Thursday, September 20, 2012

HERMES


As a follow up to yesterday's post I would like to talk a bit more about HERMES and how it works.

INITIAL KNOWLEDGE - First there there is some form of information that comes in indicating a potential attack. This information usually has some trackable piece of information such as an email address, subject line, content, an md5 sum, etc. This information usually comes in one of the following methods:

  • Law enforcement notification
  • Incident Response/forensics post compromise information
  • A detection system picks up an attack (rare)
  • Specialized sourcing (AR gathers targeted attack tools, malware and other indicators using a variety of means including IR and direct sharing)
Example HERMES Intel Report Components
ANALYSIS - Typically focused on attack files, net flow, PCAPS, etc. The results include the following information:
  • Static
    • Disassembly, strings, code capabilities, maliciousness ratings, file identifiers, import/exports
  • Dynamic
    • File system & registry modifications, processes, memory modifications
    • Network activity, flow & full PCAP
    • User Agent Strings
  • Forensic information (file timestamps, etc)
  • Multiple Anti-Virus Scanning
Example HERMES Dynamic & Network Activity Report

What's special about the above is that HERMES uses your standard build image rather than a generic XP VM, the way maliciousness is determined, and some of the memory work we do. Also the fact that the AV scans (unlike sites such as VirusTotal, Jotti, etc.) do not submit your sensitive samples to AV vendors is fairly unique.

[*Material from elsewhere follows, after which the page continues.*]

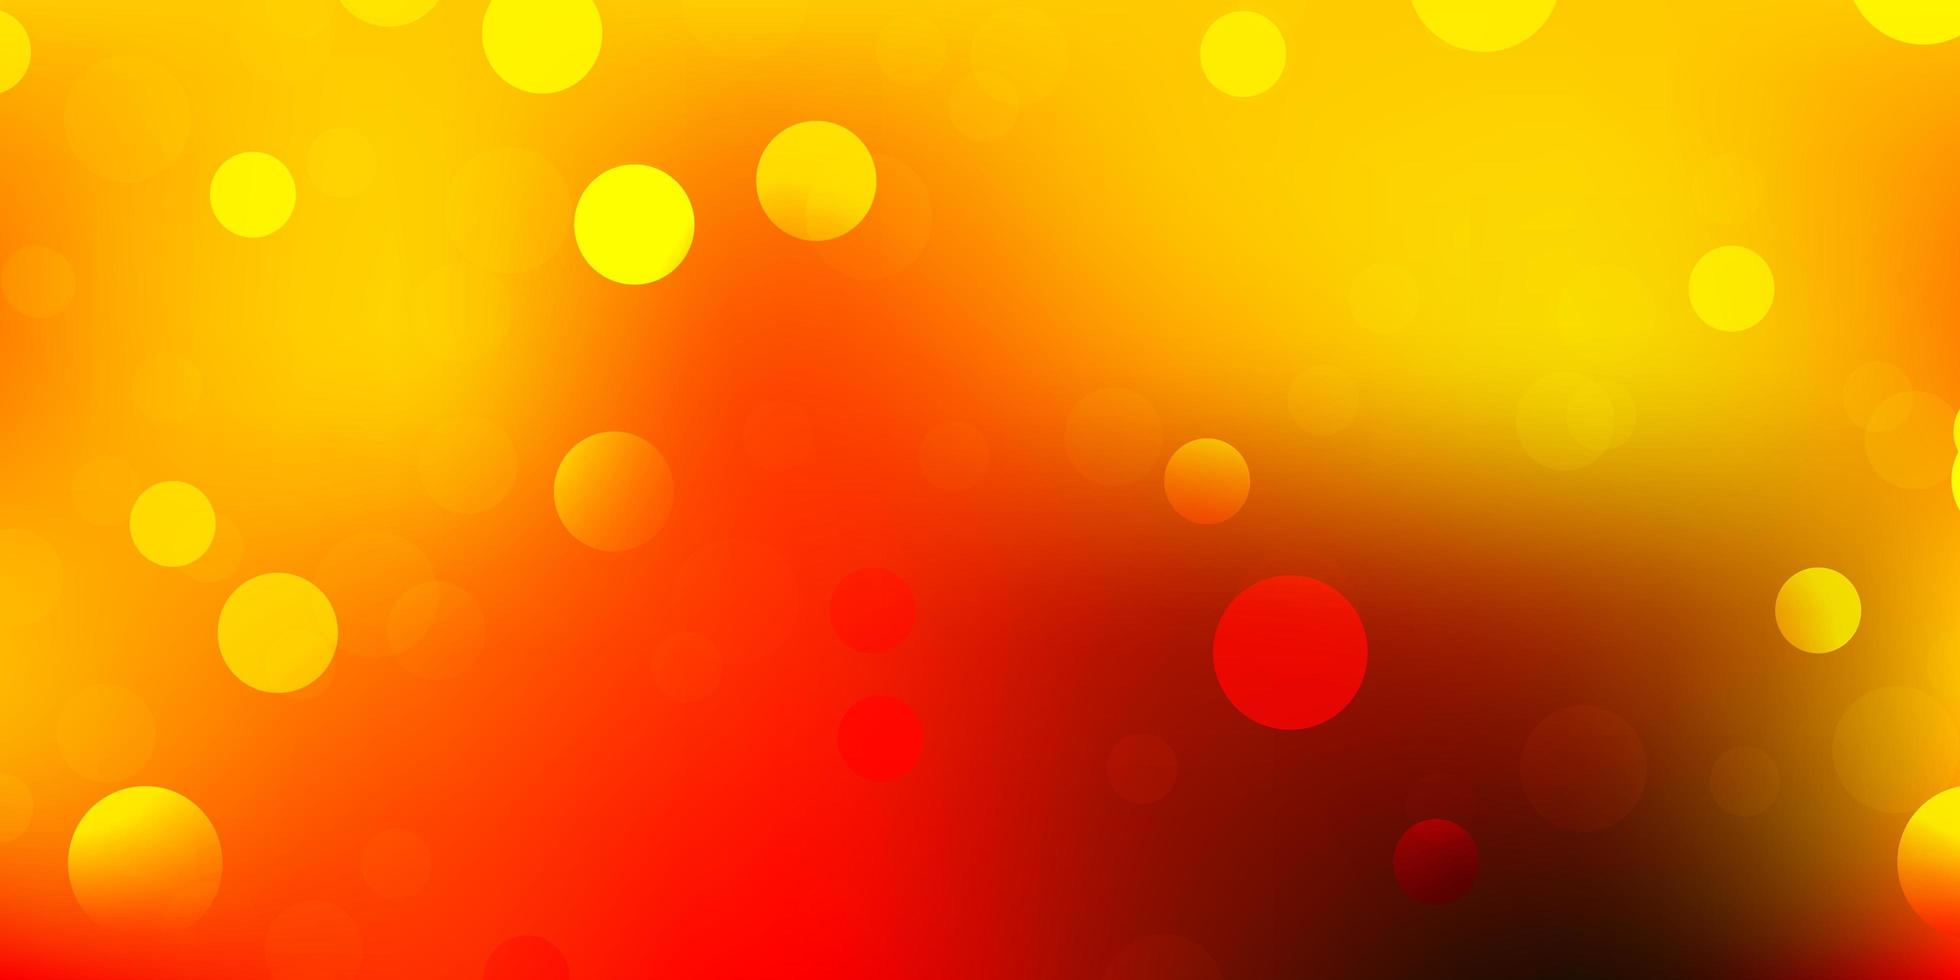 ljusröd, gul vektorbakgrund med slumpmässiga former. vektor

CORRELATION - Most organizations track incidents over time via a notebook, a wiki or most commonly a white board. HERMES allows you to identify relationships between attacks over time.
  • Incident Tracking
  • Analyst Notes
  • Actor/attribution Information
  • Relations between IOCs on different samples or cases
There are several ways in which HERMES is already benefiting our clients and options how it may benefit you:
  • HERMES can be delivered as an appliance to supplement or provide your reverse engineering and incident tracking operations
  • HERMES can be delivered as an ESXi implementation which can fit easily into your existing virtualized environment
  • Finally AR can provide organizations with HERMES targeted threat intel reporting or be operated by AR staff for you. Results can be provided as a XML feed, PDF, etc.
All of this information is fed into APTSim models to ensure  that ongoing testing mirrors actual current targeted attack techniques and grows in sophistication over time in sync with the attackers. This information is also used to generate your IDS, AV, Splunk and other defensive signatures.

Rather than focusing on the entire set of malware, for which there are millions upon millions of samples, HERMES focuses on a handful of sophisticated, targeted attack tools which are in use over the last 30 days or less. 

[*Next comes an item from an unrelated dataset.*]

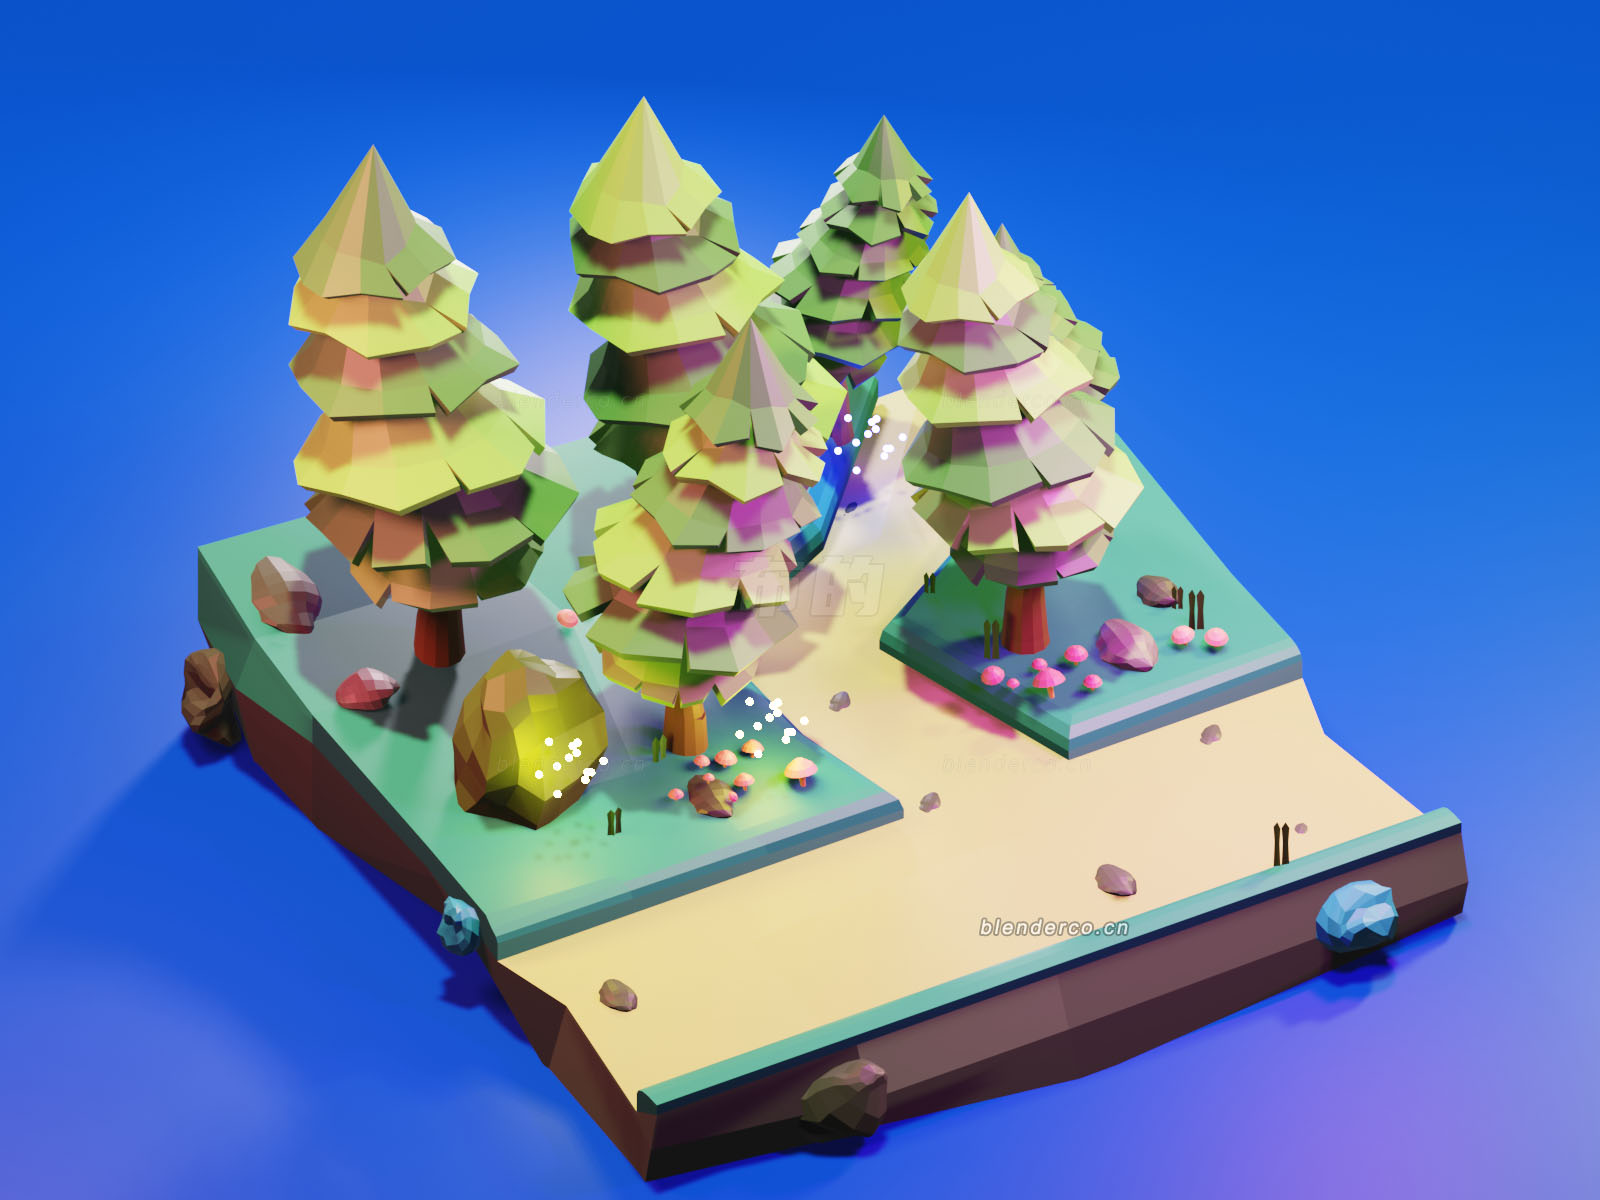 Blender森林模型

Most security tools are designed to deal with the 80% of attacks such as botnets, scans, mass malware, etc. But its the other 20% that you should care about because those are the ones that are intentionally (and successfully) damaging your business and that you have no defense against. This is something you can get your hands around with a tool like HERMES.

On the next post I will talk a bit more about APTSim and how it works.

As always, hit up info [at] attackresearch.com for more information.

V.

valsmith

2 comments:

Anonymous said...

What have you used to generate dnamic/static analyzis report?

valsmith said...

We build our own custom system for doing it.